→ What you are asked to do
Without any images, write the data out exactly as it appears.

→ Provided material
------------------------------------------------
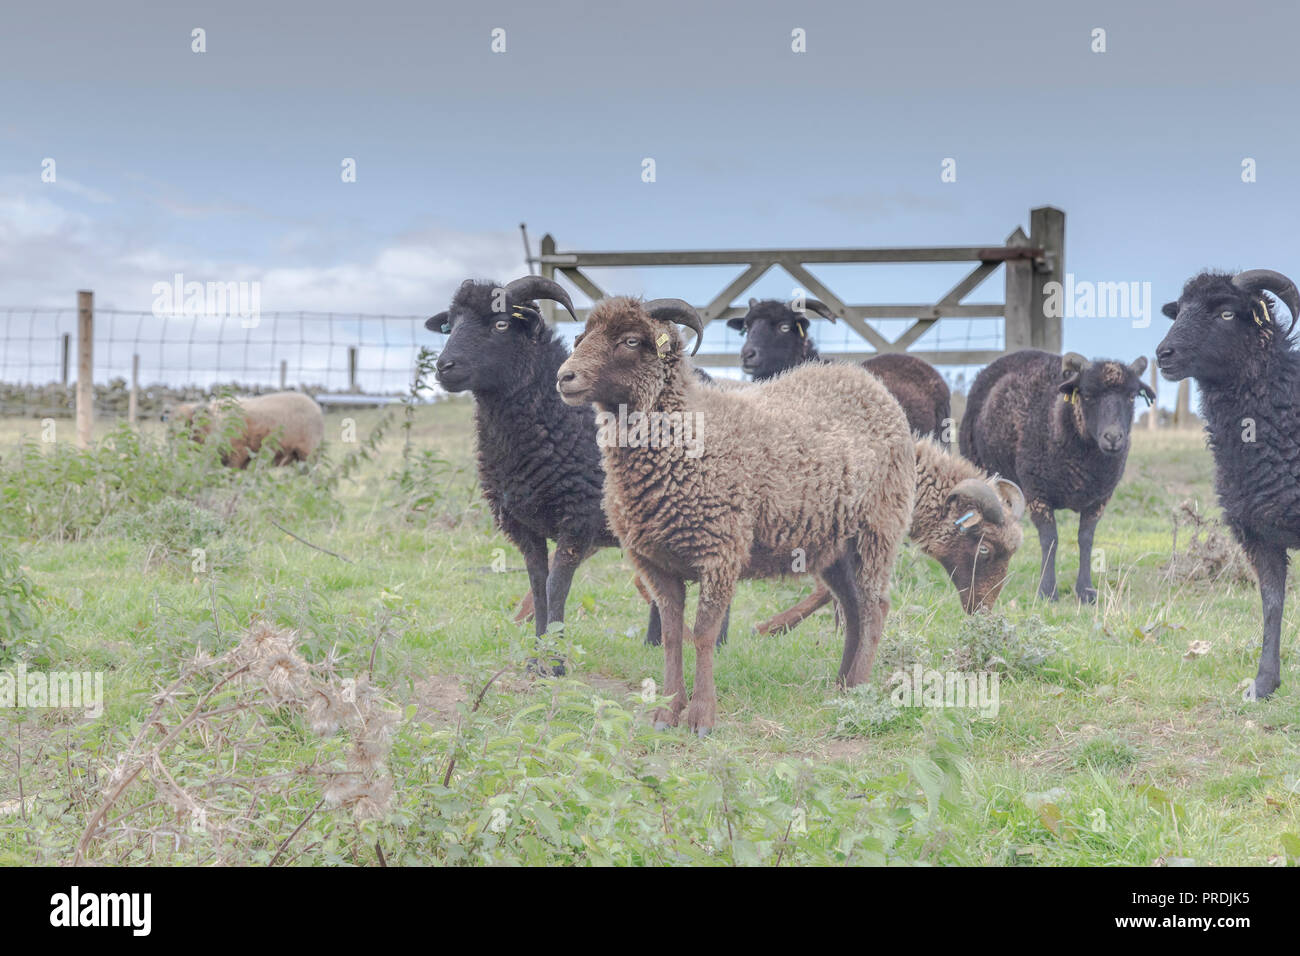 Moutons d'Ouessant, une race de moutons du patrimoine originaire de l'île d'Ouessant en Bretagne. Banque D'Images
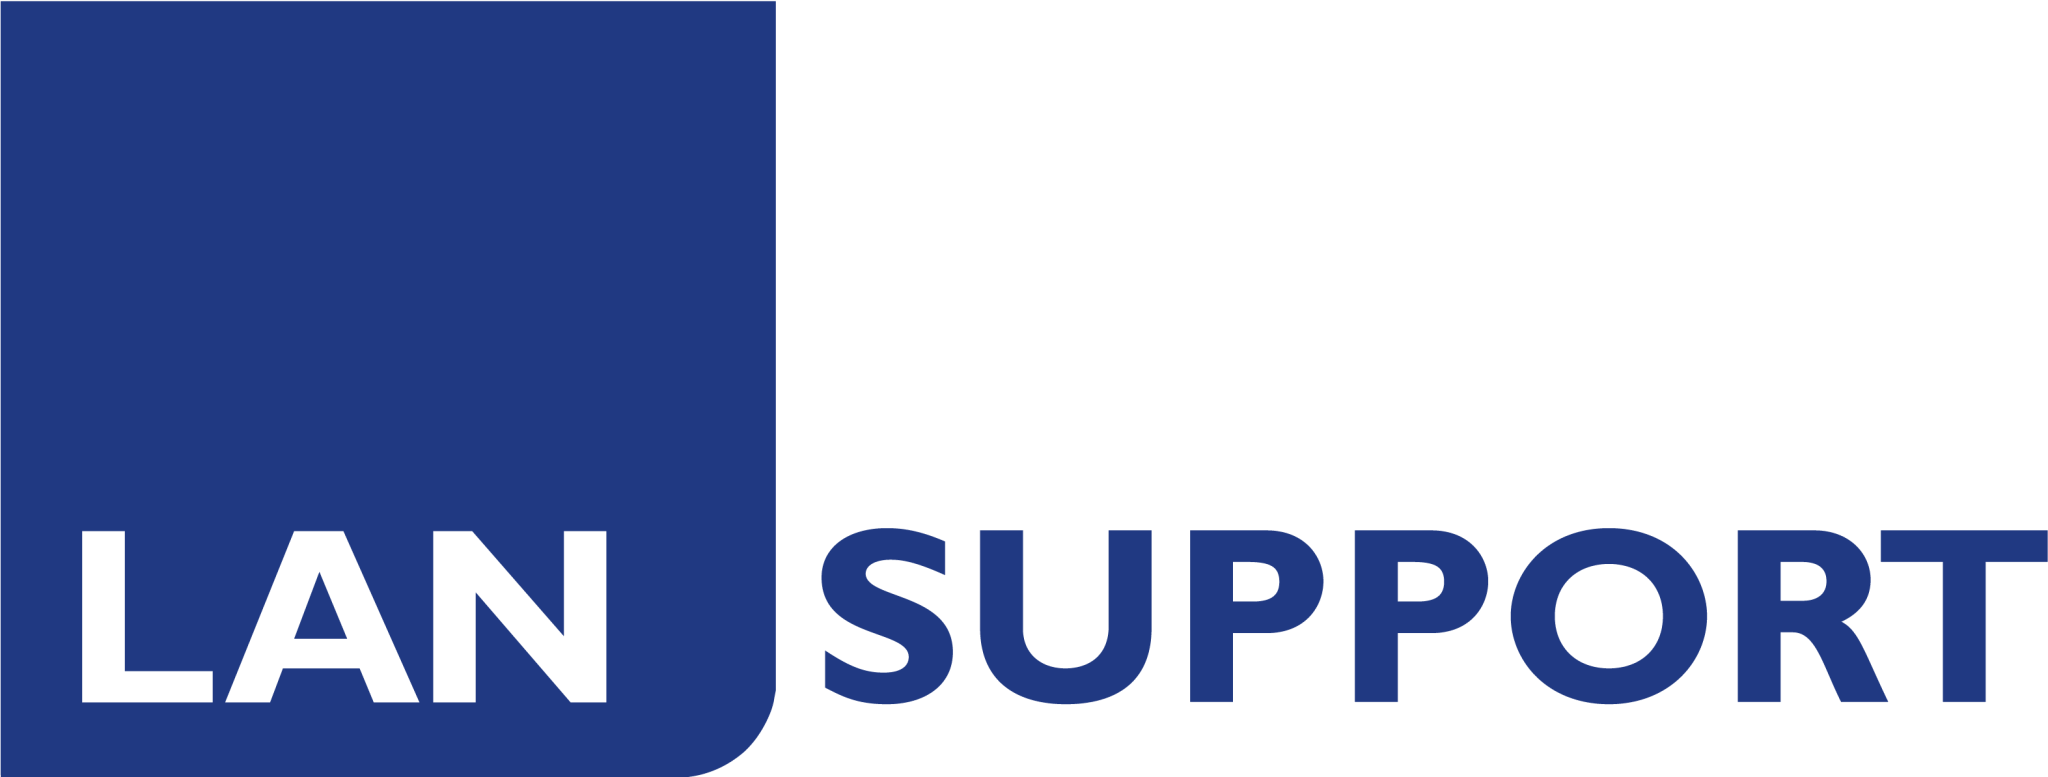 lan support logo B
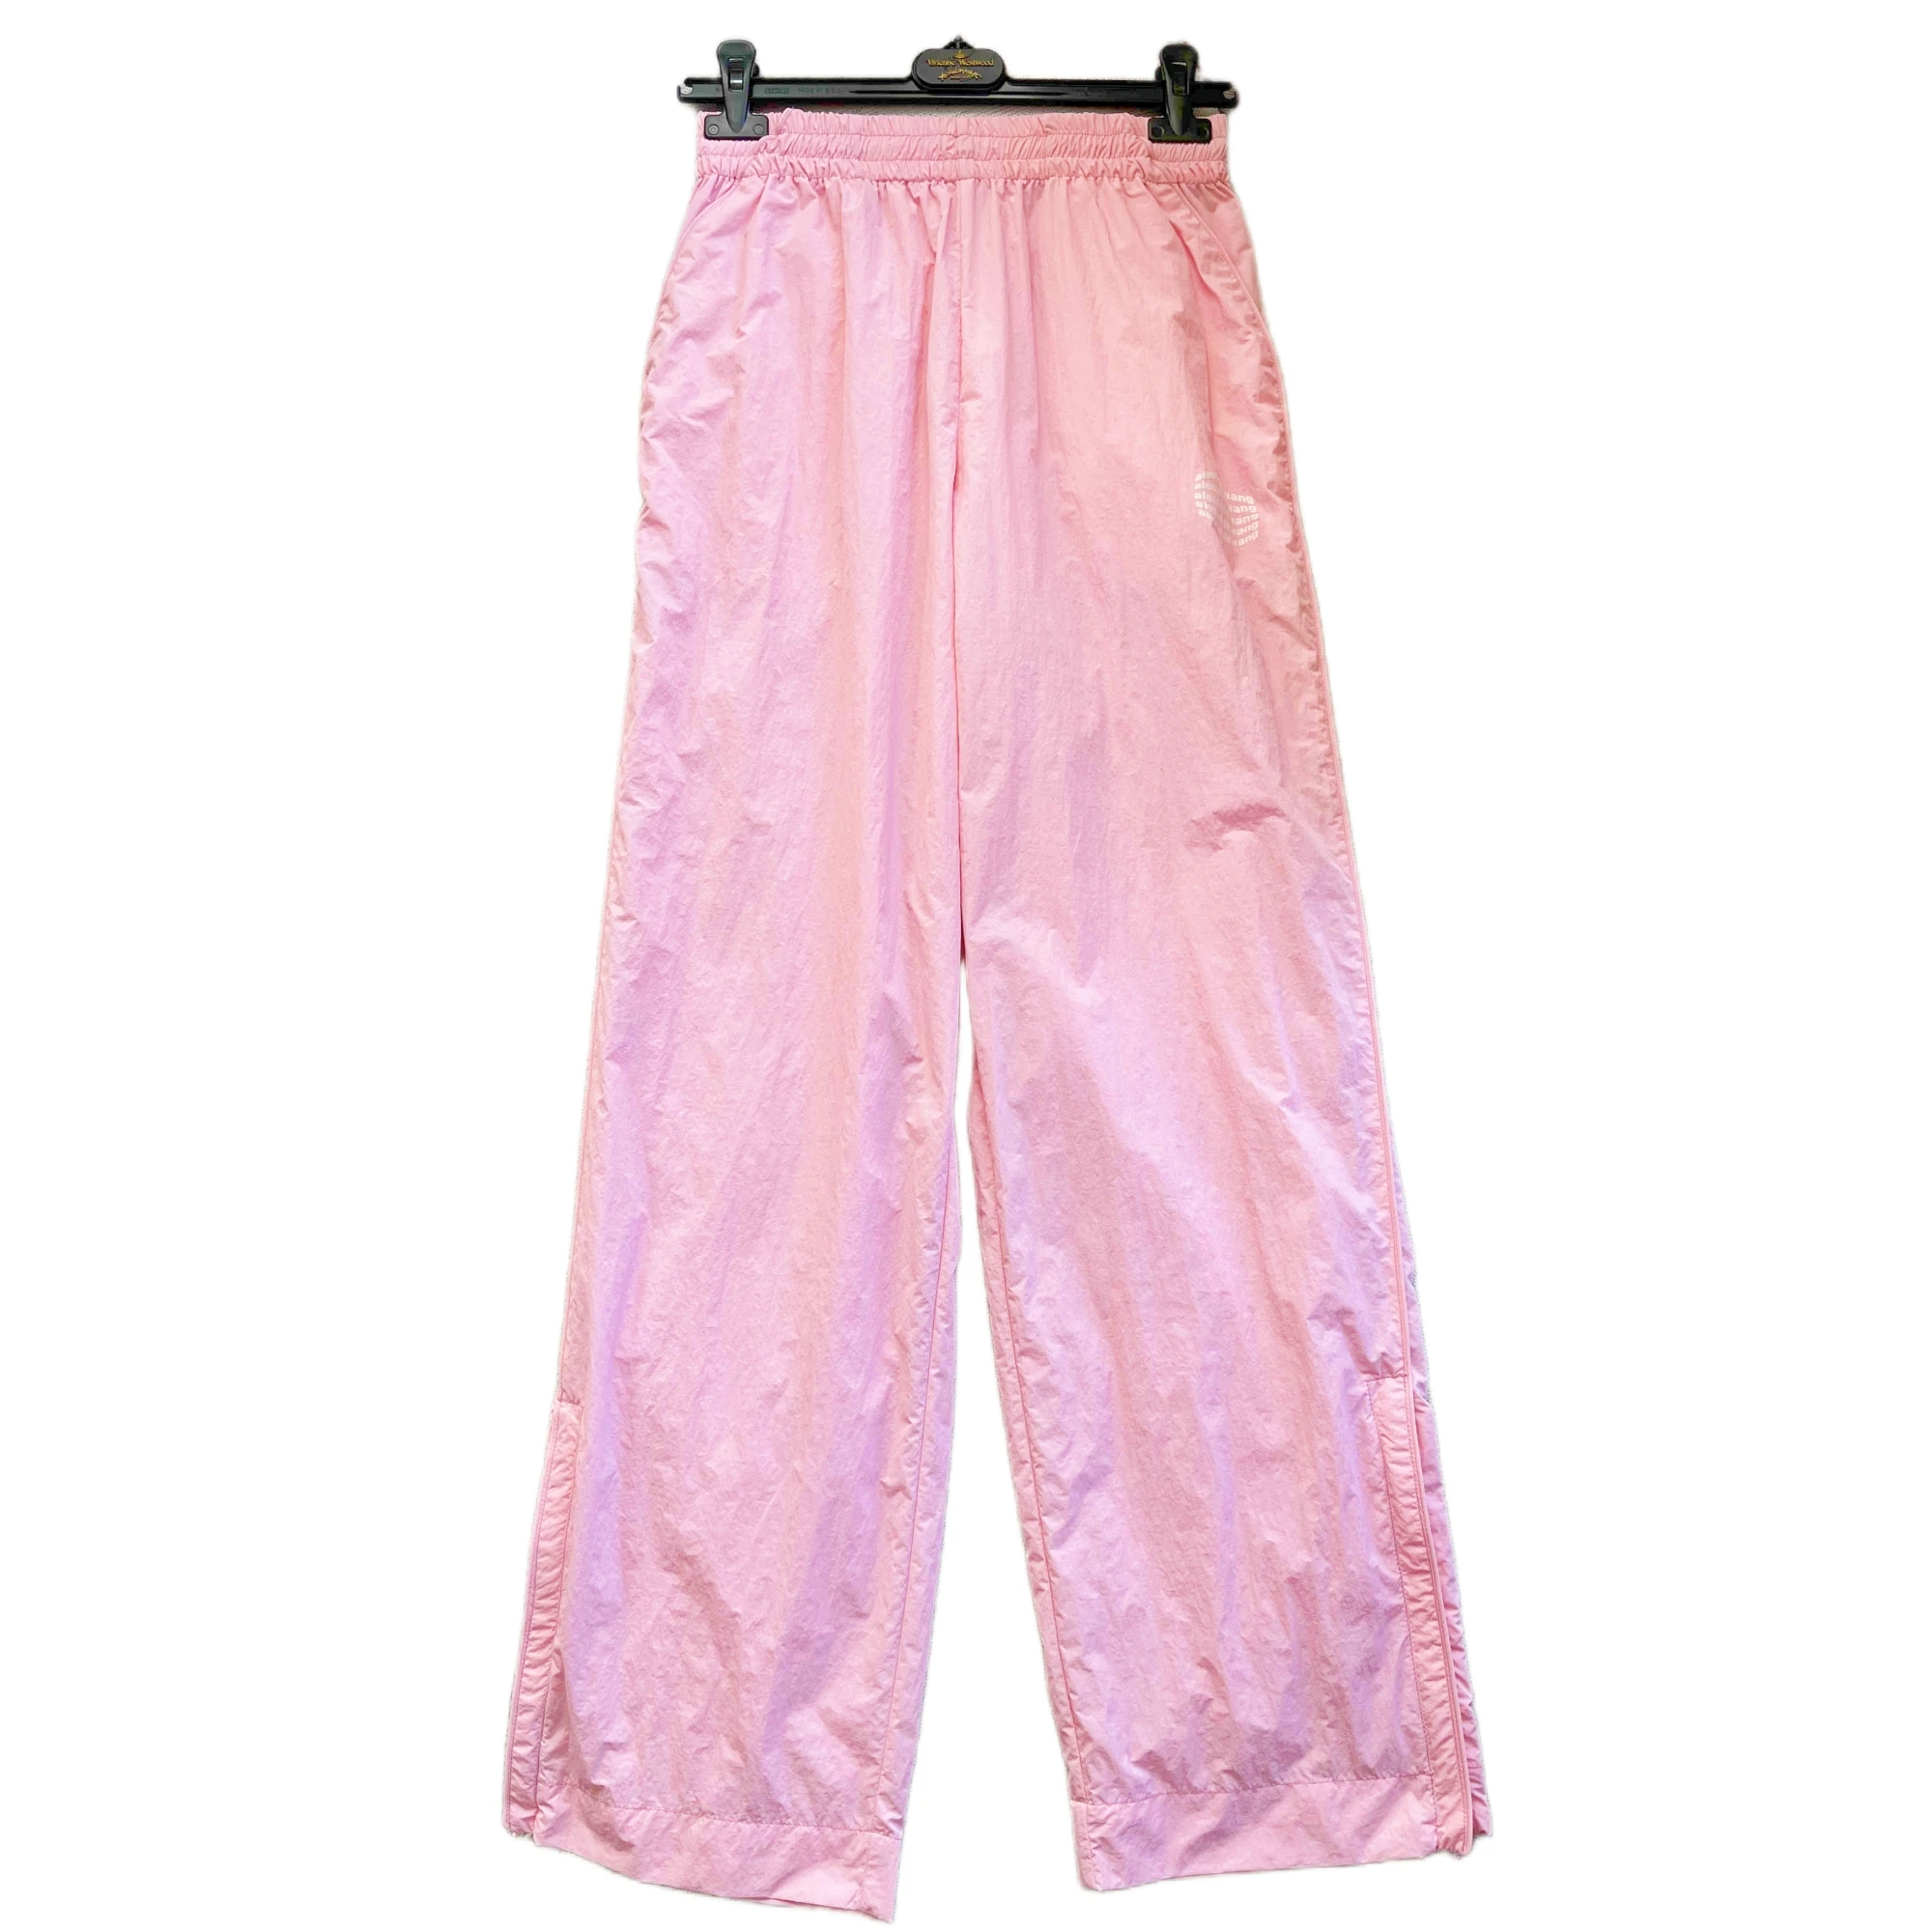 Megeara, Модные брюки, женские, розовый, черный цвет, полиэстер, длинные Свободные уличные брюки на шнурке
------------------------------------------------
→ Finished task
 Moutons d'Ouessant, une race de moutons du patrimoine originaire de l'île d'Ouessant en Bretagne. Banque D'Images
 lan support logo B
 Megeara, Модные брюки, женские, розовый, черный цвет, полиэстер, длинные Свободные уличные брюки на шнурке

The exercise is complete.